> [Task details] Reproduce exactly, leaving out pictures, each line from the one holding "September 11th Memorial" through the final line of the listing, and add nothing.
── Data
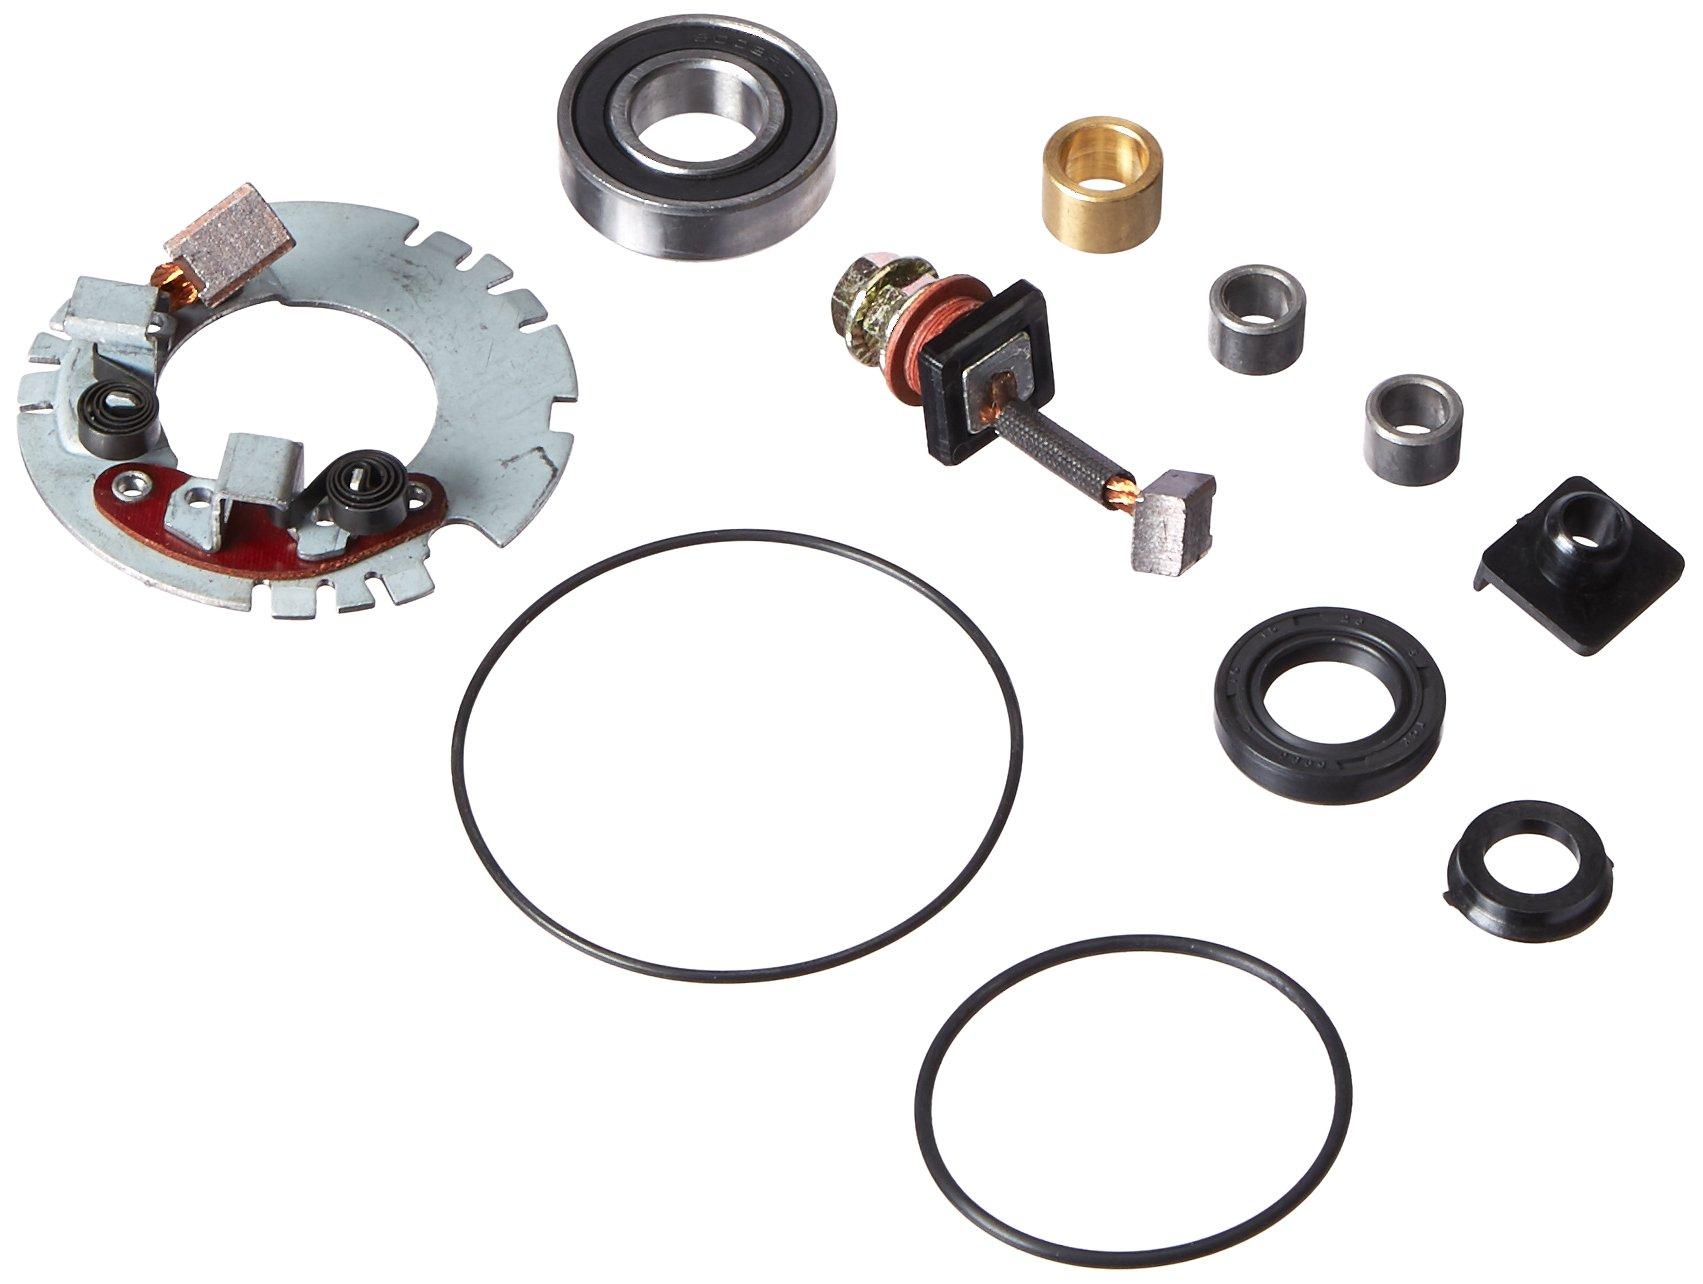 DB Electrical SMU9145  Starter Repair Kit for Yamaha M/C Xj650 Xj650L Xj650R Xj700 Maxim 80 81 82 83 84 85 86
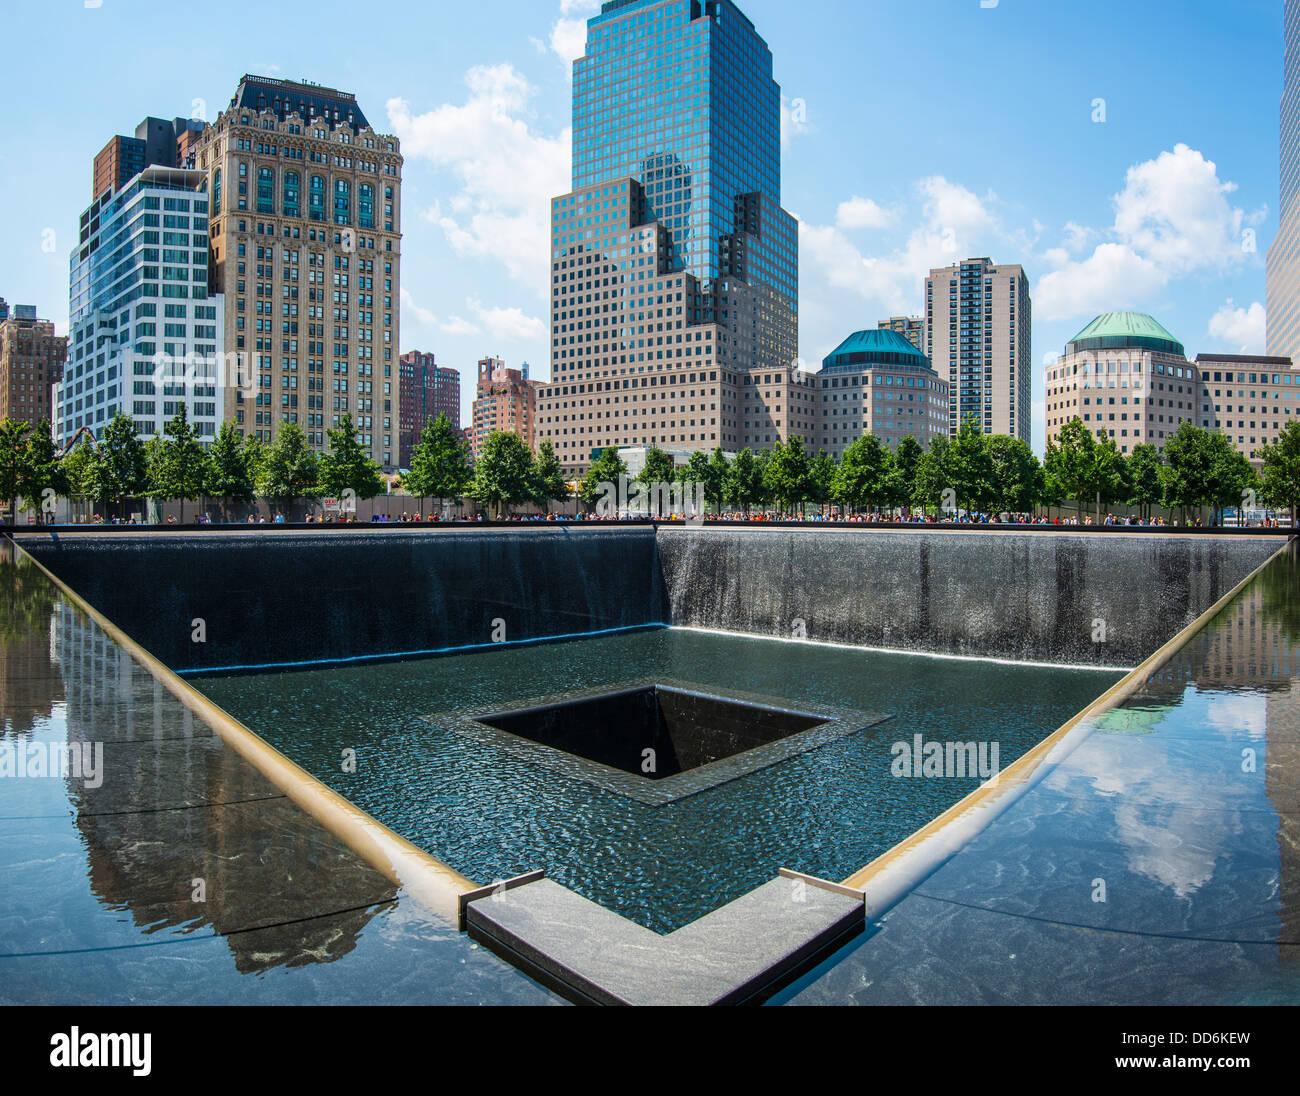 September 11th Memorial in New York City. - Stock Image
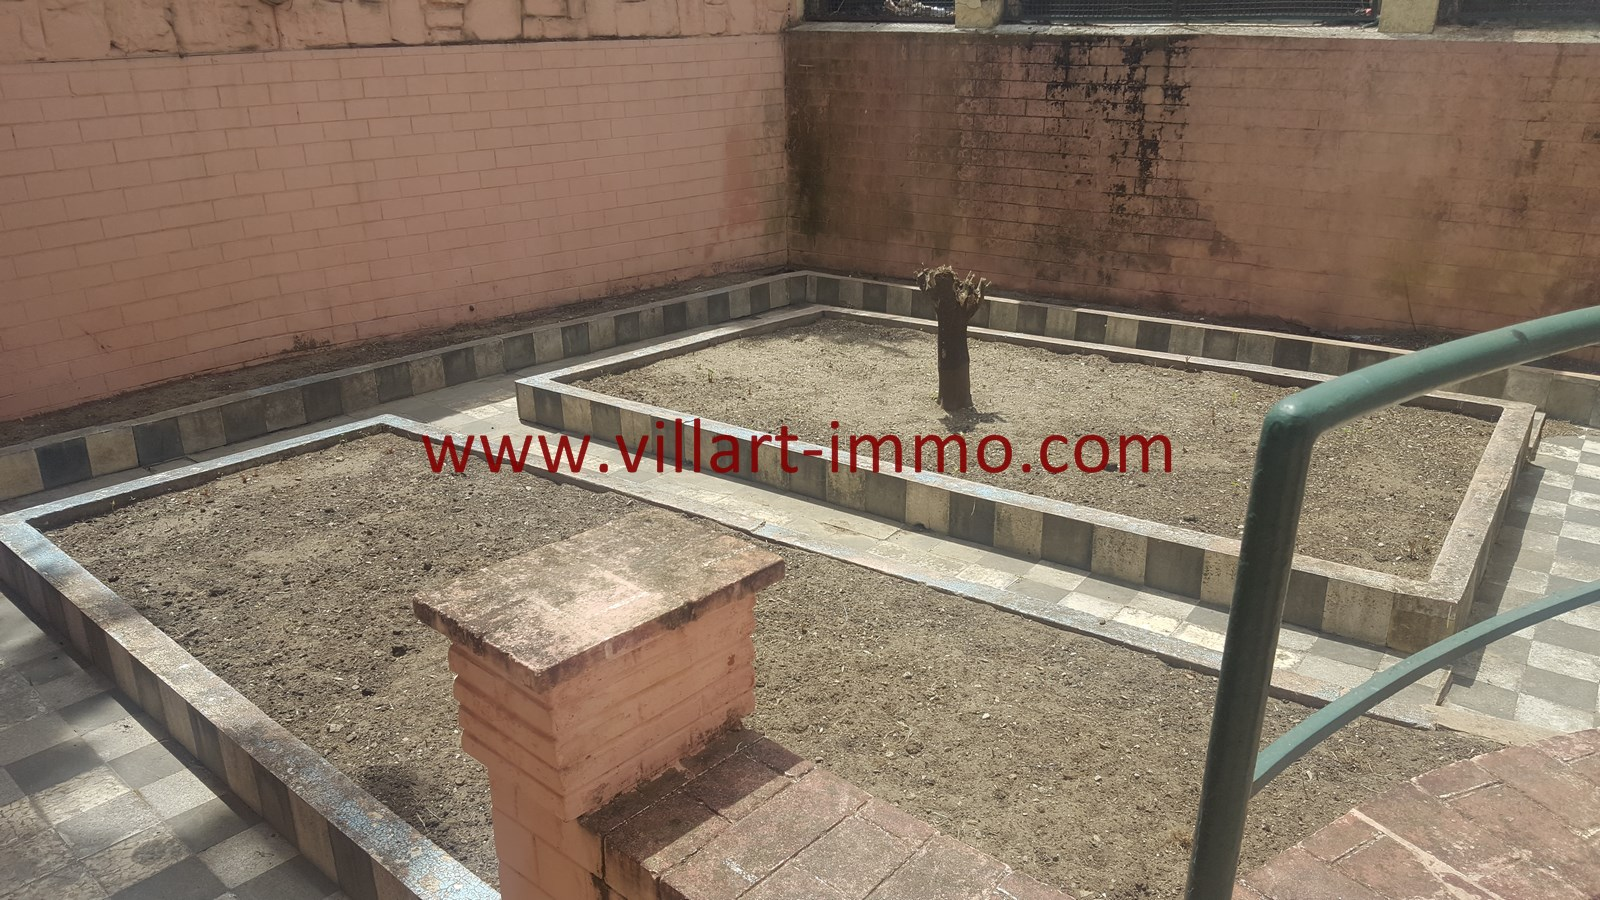 4-Vente-Maison-Tanger-Centre Ville-Jardin 3-VM499-Villart Immo
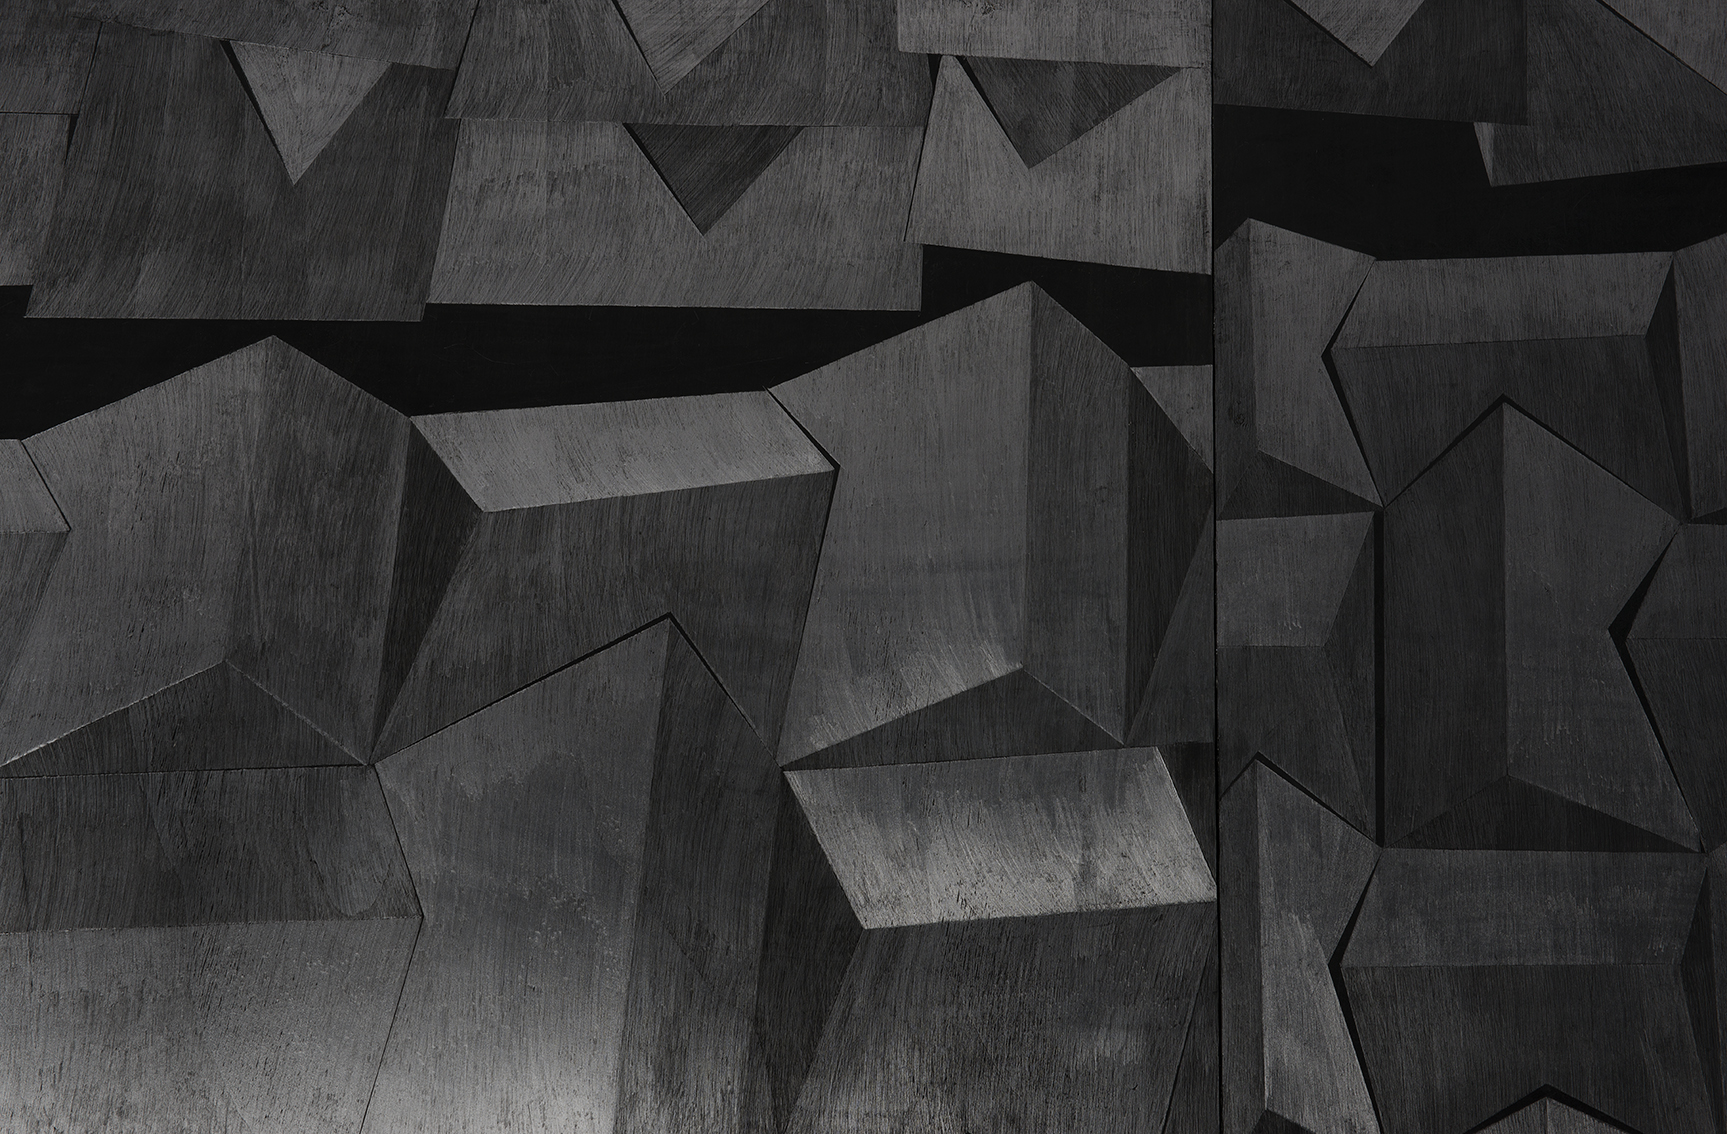 Hado, פחם וגרפיט על עץ, פרט מתוך מיצב, 2014 (4).jpg
────
> [Written solution]
 September 11th Memorial in New York City. - Stock Image
 4-Vente-Maison-Tanger-Centre Ville-Jardin 3-VM499-Villart Immo
 Hado, פחם וגרפיט על עץ, פרט מתוך מיצב, 2014 (4).jpg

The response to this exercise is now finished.